でも、「先輩達に挨拶に行こか。」と職員さんと一緒に別の部屋を訪ねると、態度が一変しました。緊張して、「ここはどこ?」とキョロキョロしていたそうです。自分のグループの部屋に戻って、友達の気配を感じながらミルクの注入をしたり、絵本を読んで貰ったり、ゆったりと過ごしました。よく馴染んだ部屋の和やかな雰囲気に、ともちゃんはまた声を出して笑っていました。そして帰り際には、昨年度下半期のボーナスまで頂き、「今年度はお仕事をもっと頑張るぞ。」と意気込んでいます。
4月16日(木)
今日は新メンバーの歓迎会でした。通園すると、既にホールからは音楽が聞こえてきます。歓迎会の気配が感じられて、バイタルチェックをして貰っているともちゃんは、そわそわしています。ホールに行くと、養護学校の時の先生方に声をかけて貰いました。車椅子で席に着きましたが、ビクつきがあって早々に抱っこして貰いました。ともちゃんの担任だった先生が、今年も卒業生をH園に送り出したので来賓として挨拶されたのですが、その声を聞くなり嬉しそうに笑い出しました。それからはずっとリラックスして会に参加できました。職員さん達のバンドの演奏も、笑顔で聴いていました。
今年の新メンバーさんは、ワークセンターに4人、デイセンターのともちゃんとは違うグループに2人です。去年の歓迎会では、新メンバーとして緊張してガチガチだったともちゃんも、今年は先輩として新メンバーさんを迎える側になりました。この1年間ですっかり園に馴染んで、通園するのを楽しみにしています。自分の部屋も分り、そこではリラックスして過せます。そんなともちゃんの様子に、お母さんは感謝しています。
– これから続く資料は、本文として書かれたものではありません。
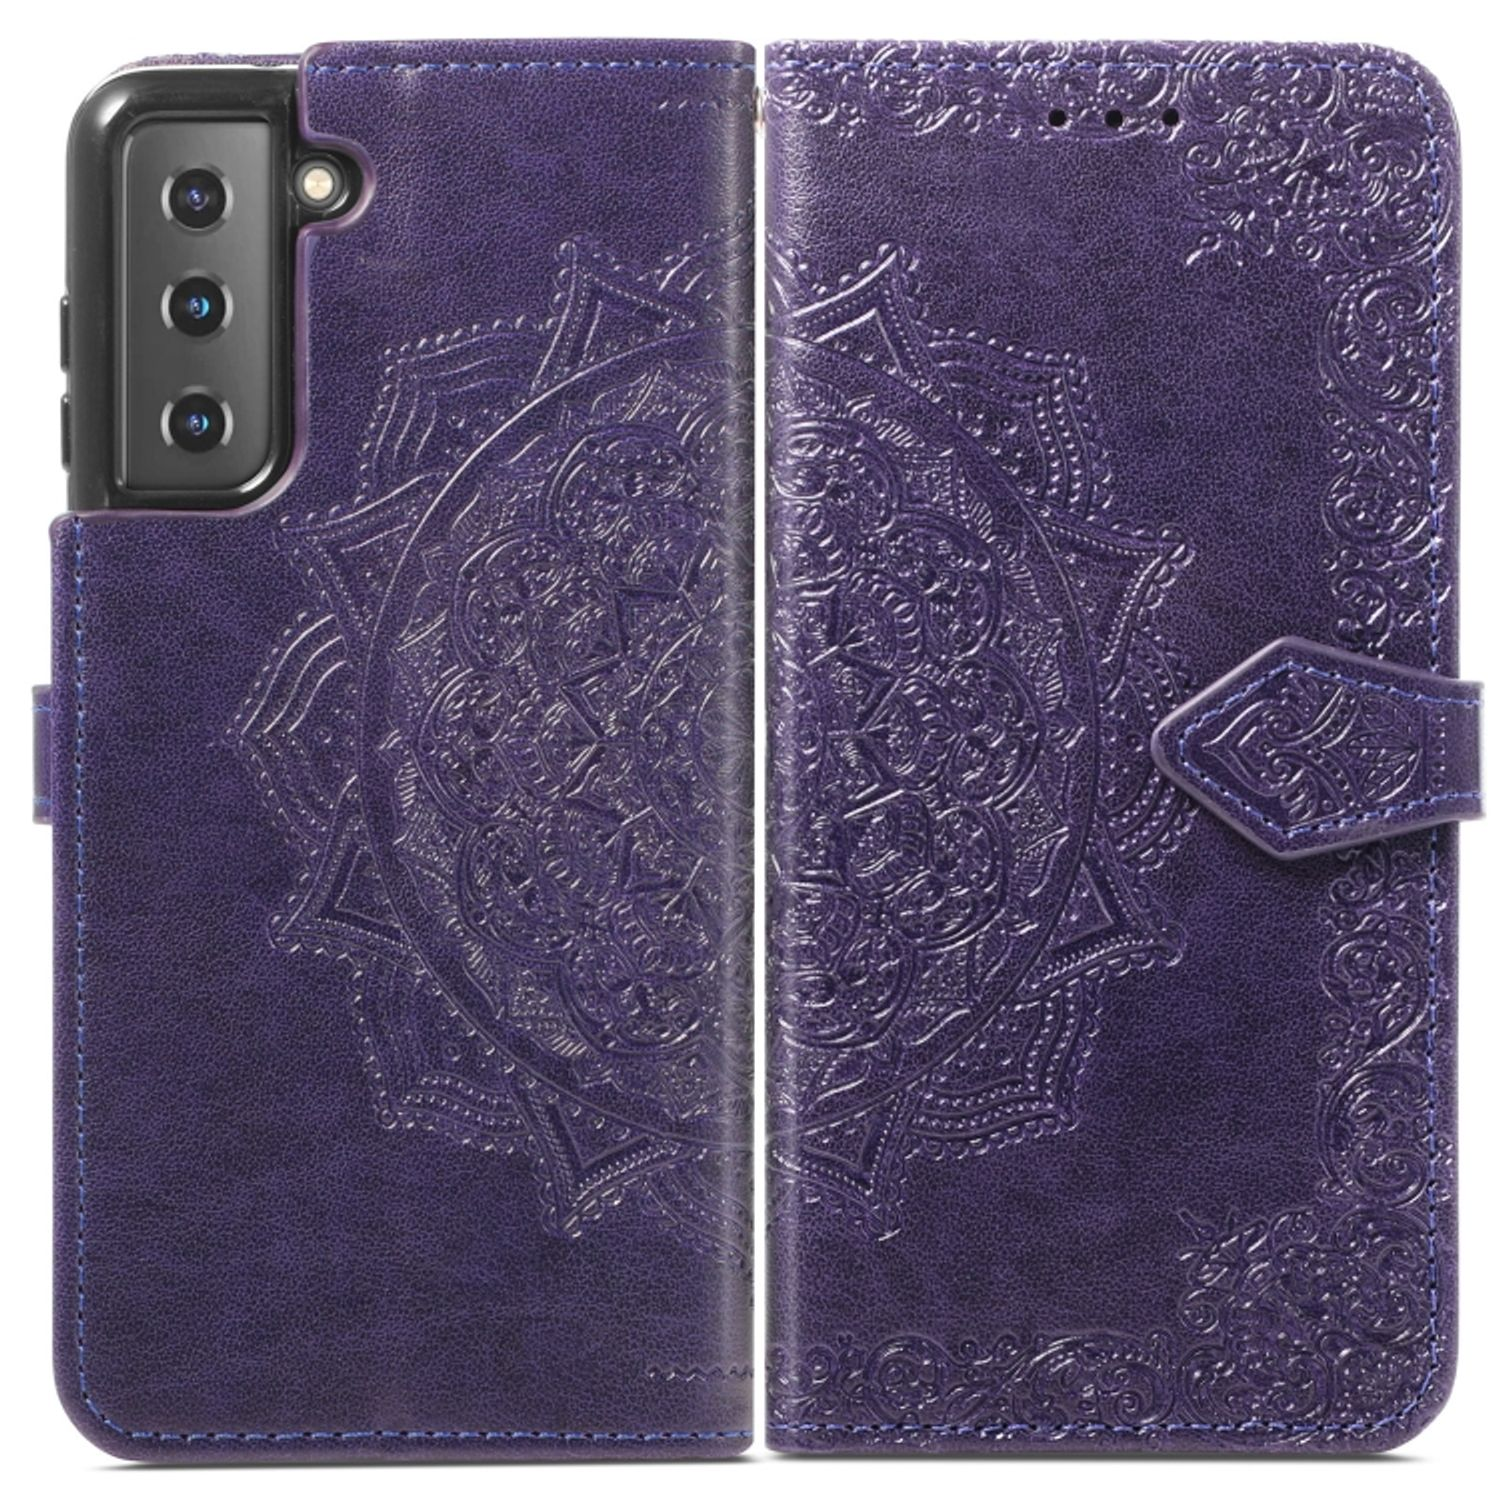 S22 Case, Bookcover, Violett DESIGN 5G, Galaxy Book KÖNIG Samsung, Plus

週1回の通園ですが、これからも園の中で多くの職員さん、メンバーさんと関わって、楽しい経験を増やしていきたいものです。
4月23日(木)
今日はお仕事、まいどレーヌ(マドレーヌ)作りです。先週通園した時に、「来週は、まいどレーヌ作りやで。」と言われて、ともちゃんは楽しみにしていました。朝は4時半頃に起きてきました。こんなに朝早く起きたのは最近では珍しいことですが、「ハハハ、アハハ」と笑っています。「お仕事、頑張るぞー。」と意欲満々で張切っているのが、よく分りました。
車の中でも、元気に声を出して笑っていたのですが、園に着いてともちゃんの部屋に入る頃には、様子が違っていました。魂が抜けたようにキョトンとして、キョロキョロ辺りを見回しています。思いがけないともちゃんの態度に、お母さんも職員さんもびっくりするやら、おかしいやら。「どうしたんや」、「H園来たの、分ってる?」。「・・・」、ともちゃんは朝から張切り過ぎたので、疲れてちょっとの間、頭が休憩していたみたいでした。
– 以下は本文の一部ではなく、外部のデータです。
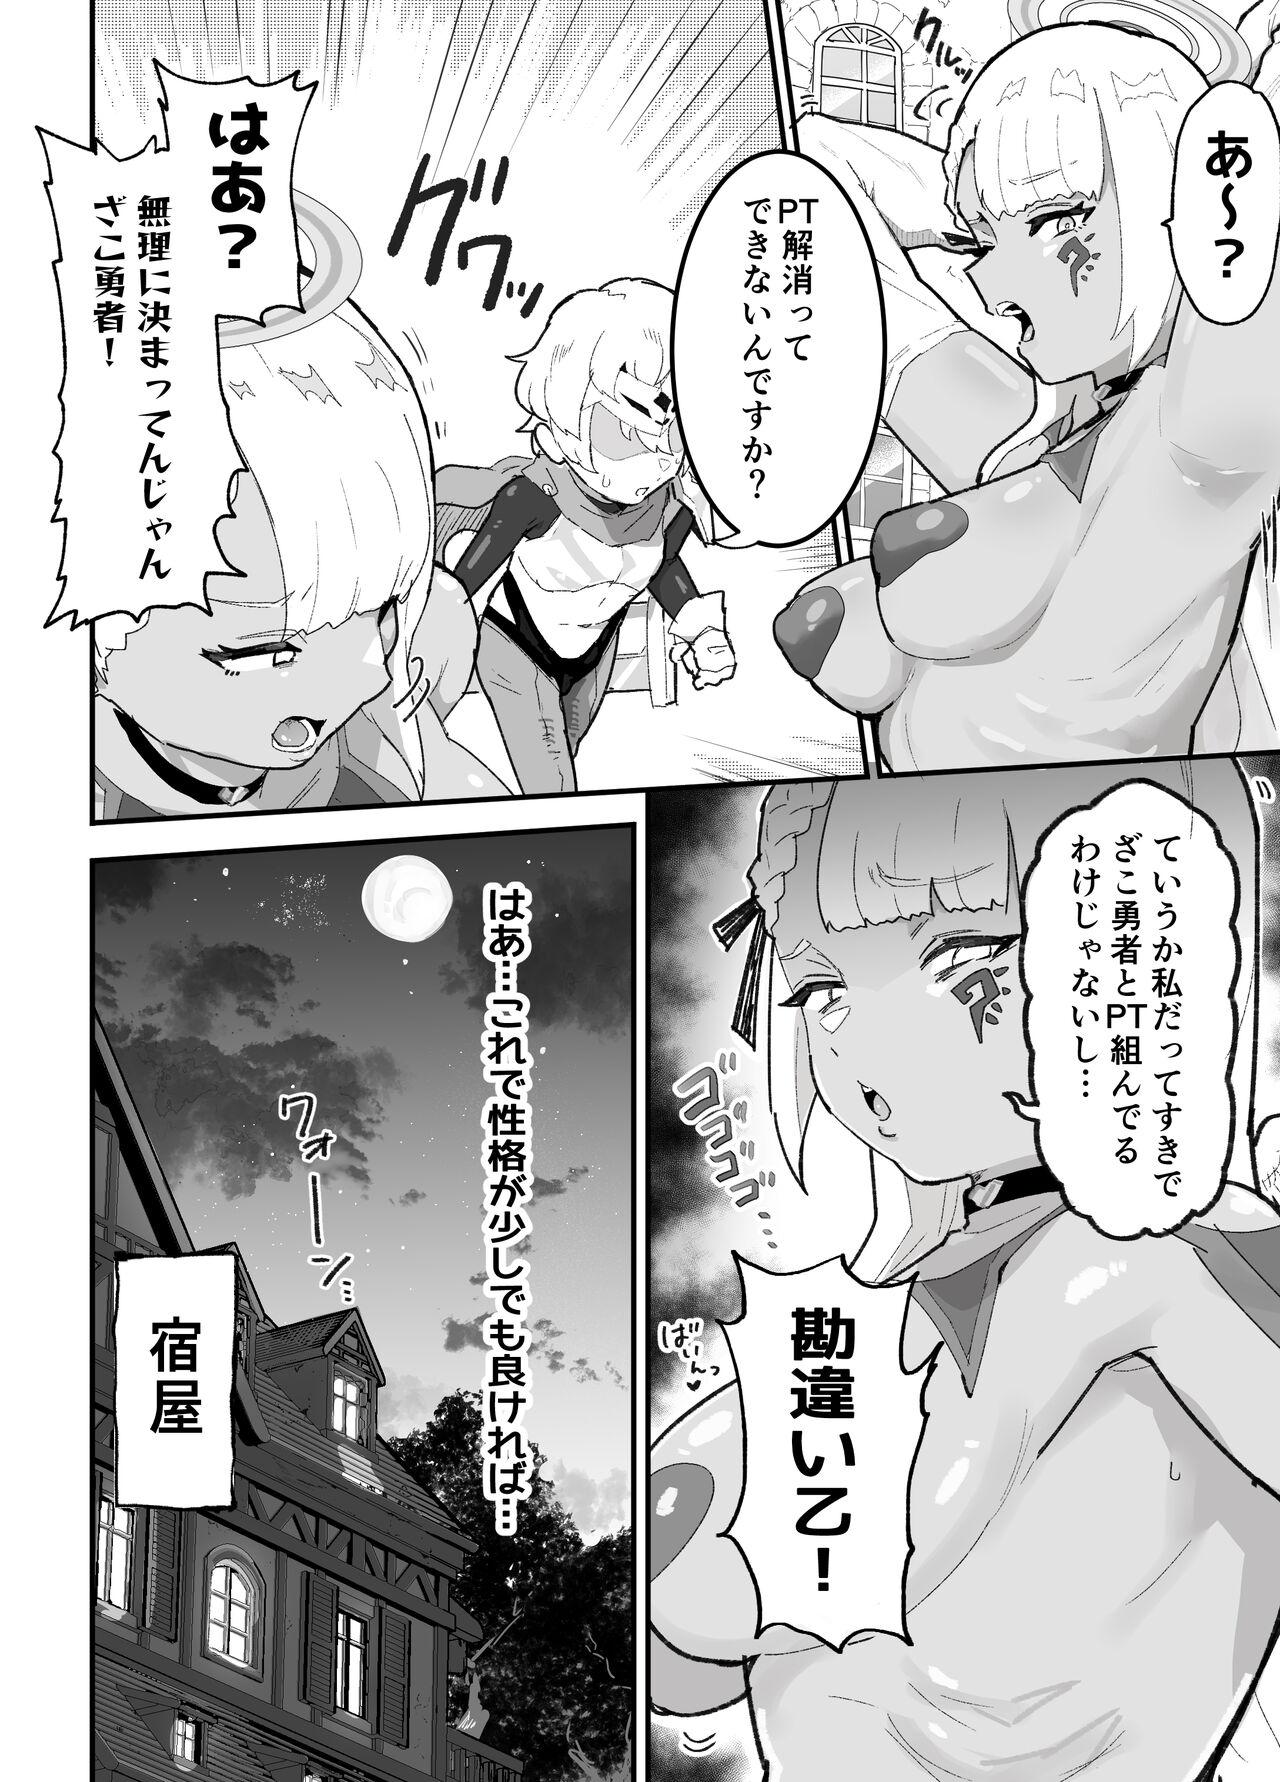 Realsex boku no PT wa jōtai ijō taisei ōru 0 no tenshi-sama shika inai - Original Straight Porn - Page 5

暫くするとともちゃんの笑顔も戻り、ホールに行ってまいどレーヌ作りに参加しました。今日は、年始めの書初めをした時からのお約束で、レモンの擦下ろしとレモン絞りに初挑戦します。ホールに行った時は、ちょっと緊張してキョロキョロと落着かない様子でしたが、これは予想通りです。いろんな職員さんからやり方を教えて貰っているうちに、笑顔が出てきました。よい表情で、楽しそうにレモンの擦下ろしとレモン絞りをしていたということでした。
仕事が終ってからのミルクの注入の間も、ともちゃんは勢いが止まらず、ギャハハ、ギャハハとたくさん笑っていました。ともちゃんがレモンを擦って搾ったまいどレーヌは、翌日焼き上がります。お母さんは、早速購入の予約をしていました。家族のみんなは、食べるのを楽しみにしています。
4月28日(火)
特に決った活動がなくて、わやわやと園で過す時間も、ともちゃんは大好きです。今日は園の職員さんの健康診断があって、ともちゃんのお部屋でも職員さんの出入りが激しかったそうです。ともちゃんはガヤガヤしている様子を見て笑ったり、職員さん達とのおしゃべりに興じていました。4月に入って順調な通園生活を送ってきたともちゃんですが、今日はちょっと筋緊張が高めです。抱っこしてもらっていても、ビクつきがありました。明日は祝日、ゆっくりと休養しましょう。それにしても、今年度は幸先のよいスタートです。